After a successful rotation

  1. Update MASTER_KEY_PASSPHRASE in .env to the new passphrase.
  2. Restart the backend: docker compose restart backend.
  3. Run czctl postflight to confirm health.

Example

czctl rotate-master-key \
--old-passphrase 'old-passphrase' \
--new-passphrase 'new-stronger-passphrase' \
--confirm

czctl update-license <key>

Replaces CZ_LICENSE_KEY in .env and restarts the backend container so the new license takes effect immediately.

Synopsis

czctl update-license <license-key>

Behavior

  1. Validates the key starts with czs_.
  2. Updates or appends CZ_LICENSE_KEY=<key> in .env (file permissions set to 0600).
  3. Runs docker compose restart backend.

Example

czctl update-license czs_abc123...

czctl set-log-level <level>

Sets the application log level for the running backend. The backend polls cz_config and picks up the new level within 60 seconds; no restart required.

Valid levels

trace, debug, info, warn, error (case-insensitive).

Example

czctl set-log-level debug

Behavior

Upserts log_level in cz_config with updated_by=czctl.
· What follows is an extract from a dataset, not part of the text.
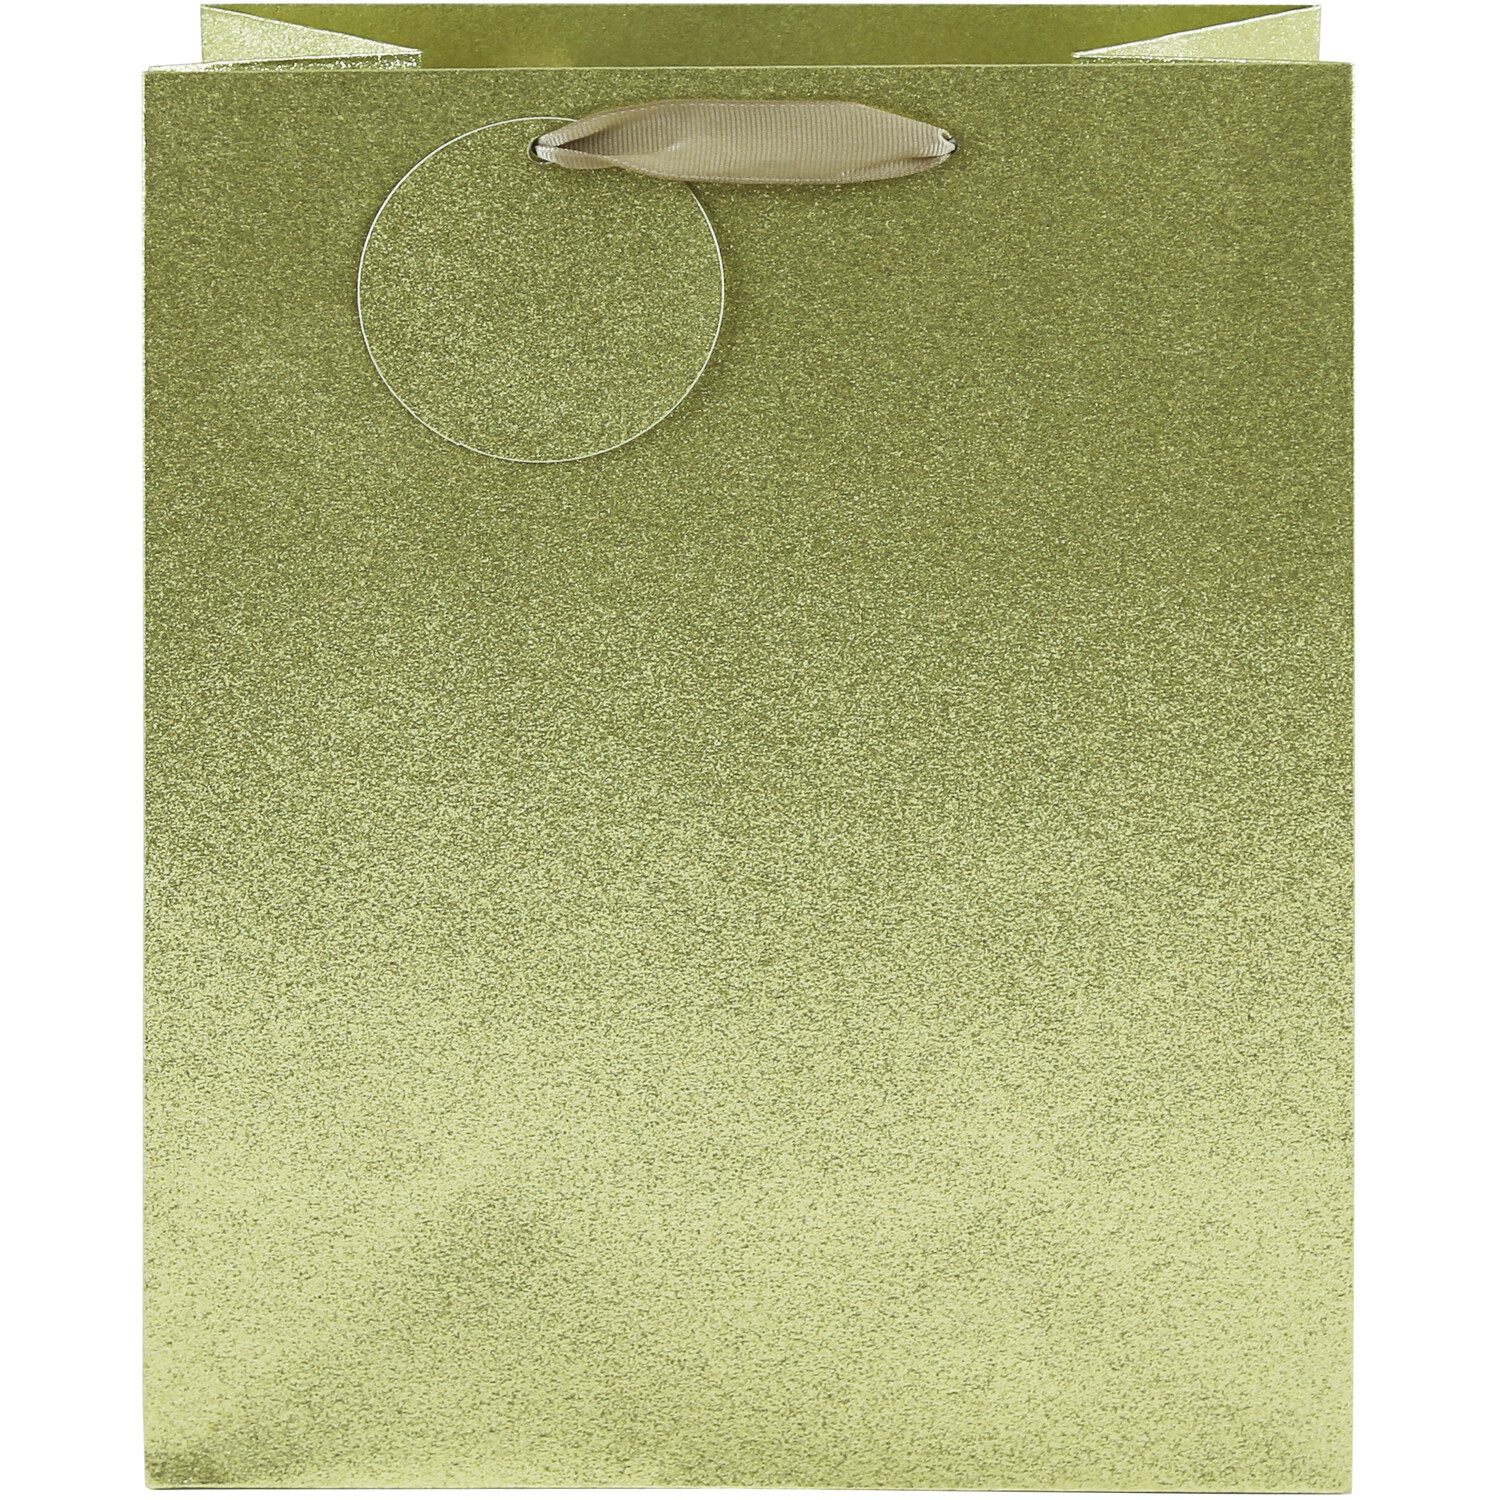 Shimmer Gift Bag - Gold / Large Image 2

Everything is audited through the cz_config.updated_at field.


czctl set-log-retention <days>

Sets the number of days to keep audit logs before automatic trimming. Must be a positive integer.

Example

czctl set-log-retention 90

Behavior

  • Upserts audit_retention_days in cz_config.
  • The backend's retention sweeper applies the new value on its next run and trims rows older than <days> from the audit store.
  • Lowering the retention window triggers an immediate prune on the next sweep; raising it keeps everything already retained.

czctl support-bundle

Collects a sanitized diagnostic archive for support escalations. All passwords, license keys, API keys, session tokens, and connection strings containing credentials are redacted before the archive is written.

Synopsis

czctl support-bundle [--hours 48]

Flags

FlagDefaultDescription
--hours48Hours of logs to include.

What is collected

  • Host system info (OS, kernel, docker --version, docker compose ps).
  • Service logs for the configured time window.
  • Container status.
  • Health-check output.
  • Database statistics (row counts, last migration).

What is redacted

The following patterns are replaced with <REDACTED> before inclusion:

  • PASSWORD=…, DB_PASSWORD=…, CZ_SIGNING_SECRET=…, SECRET_KEY=….
  • CZ_LICENSE_KEY=…, LICENSE_KEY=….
  • API keys matching cz_live_… or cz_test_….
  • Session keys matching czs_….
  • Bearer … tokens.
  • Credentials embedded in cache and database connection strings.

Output

Writes cz-support-<timestamp>.tar.gz to the current directory. Attach this file when opening a support ticket.


czctl generate-ca

Generates a self-signed certificate authority and server certificate for TLS termination. Use this for local / air-gapped installs where Let's Encrypt cannot reach the host.

Synopsis

czctl generate-ca \
[--output config/certs] \
[--cn "Control Zero CA"] \
[--days 365] \
[--domain localhost]

Flags

FlagDefaultDescription
--outputconfig/certsOutput directory. Created if missing.
--cnControl Zero CACommon Name for the CA certificate.
--days365Validity period in days.
--domainlocalhostDomain added as Subject Alternative Name on the server cert.

Output files

  • ca.pem — CA certificate.
  • ca-key.pem — CA private key. Keep offline after use.
  • cert.pem — server certificate (signed by the CA, SAN = --domain).
  • key.pem — server private key.

When to use

  • czctl init calls this automatically in quickstart mode for localhost.
  • Air-gapped and offline installs that cannot use Let's Encrypt.
  • Internal QA / staging where you want a local root you control.

For production public hostnames, prefer a real CA. See SSL proxy for options.